▸ **WORK REQUIRED**: Search the data below for the string "einem". Extract every line that contains it.

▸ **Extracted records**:

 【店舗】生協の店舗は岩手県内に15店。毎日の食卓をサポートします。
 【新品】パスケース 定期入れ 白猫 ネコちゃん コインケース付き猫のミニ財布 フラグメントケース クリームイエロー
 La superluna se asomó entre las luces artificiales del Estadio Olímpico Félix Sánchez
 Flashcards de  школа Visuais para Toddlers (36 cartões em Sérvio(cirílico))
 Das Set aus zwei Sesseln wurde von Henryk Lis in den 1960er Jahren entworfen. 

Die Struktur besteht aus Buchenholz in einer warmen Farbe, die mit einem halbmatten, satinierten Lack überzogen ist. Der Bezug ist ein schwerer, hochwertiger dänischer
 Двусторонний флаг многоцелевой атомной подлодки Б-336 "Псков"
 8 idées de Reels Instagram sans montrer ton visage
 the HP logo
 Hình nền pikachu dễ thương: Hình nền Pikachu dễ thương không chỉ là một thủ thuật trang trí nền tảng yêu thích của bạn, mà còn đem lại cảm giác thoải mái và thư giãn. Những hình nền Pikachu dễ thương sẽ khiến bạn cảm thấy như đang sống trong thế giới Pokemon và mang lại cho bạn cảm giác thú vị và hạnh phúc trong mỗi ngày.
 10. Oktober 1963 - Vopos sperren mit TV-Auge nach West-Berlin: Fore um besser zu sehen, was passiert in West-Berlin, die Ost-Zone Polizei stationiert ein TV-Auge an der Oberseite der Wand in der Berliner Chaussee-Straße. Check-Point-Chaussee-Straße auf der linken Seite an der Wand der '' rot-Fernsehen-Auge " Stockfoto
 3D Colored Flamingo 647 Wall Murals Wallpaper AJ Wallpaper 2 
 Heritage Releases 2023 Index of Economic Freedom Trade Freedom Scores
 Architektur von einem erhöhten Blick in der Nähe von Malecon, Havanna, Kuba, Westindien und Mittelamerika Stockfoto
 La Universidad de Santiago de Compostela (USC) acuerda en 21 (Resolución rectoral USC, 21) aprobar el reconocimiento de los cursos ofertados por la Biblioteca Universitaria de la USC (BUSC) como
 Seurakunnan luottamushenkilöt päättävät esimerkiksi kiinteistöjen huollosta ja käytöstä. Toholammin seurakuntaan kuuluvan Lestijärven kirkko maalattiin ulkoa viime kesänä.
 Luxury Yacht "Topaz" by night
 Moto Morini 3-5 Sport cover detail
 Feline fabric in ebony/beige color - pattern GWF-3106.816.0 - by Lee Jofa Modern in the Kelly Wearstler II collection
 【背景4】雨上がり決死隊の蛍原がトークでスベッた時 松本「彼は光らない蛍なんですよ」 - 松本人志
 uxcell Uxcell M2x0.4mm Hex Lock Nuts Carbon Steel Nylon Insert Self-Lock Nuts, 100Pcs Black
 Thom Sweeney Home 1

▸ **RESPONSE FOR THIS EXERCISE**:
Die Struktur besteht aus Buchenholz in einer warmen Farbe, die mit einem halbmatten, satinierten Lack überzogen ist. Der Bezug ist ein schwerer, hochwertiger dänischer
 Architektur von einem erhöhten Blick in der Nähe von Malecon, Havanna, Kuba, Westindien und Mittelamerika Stockfoto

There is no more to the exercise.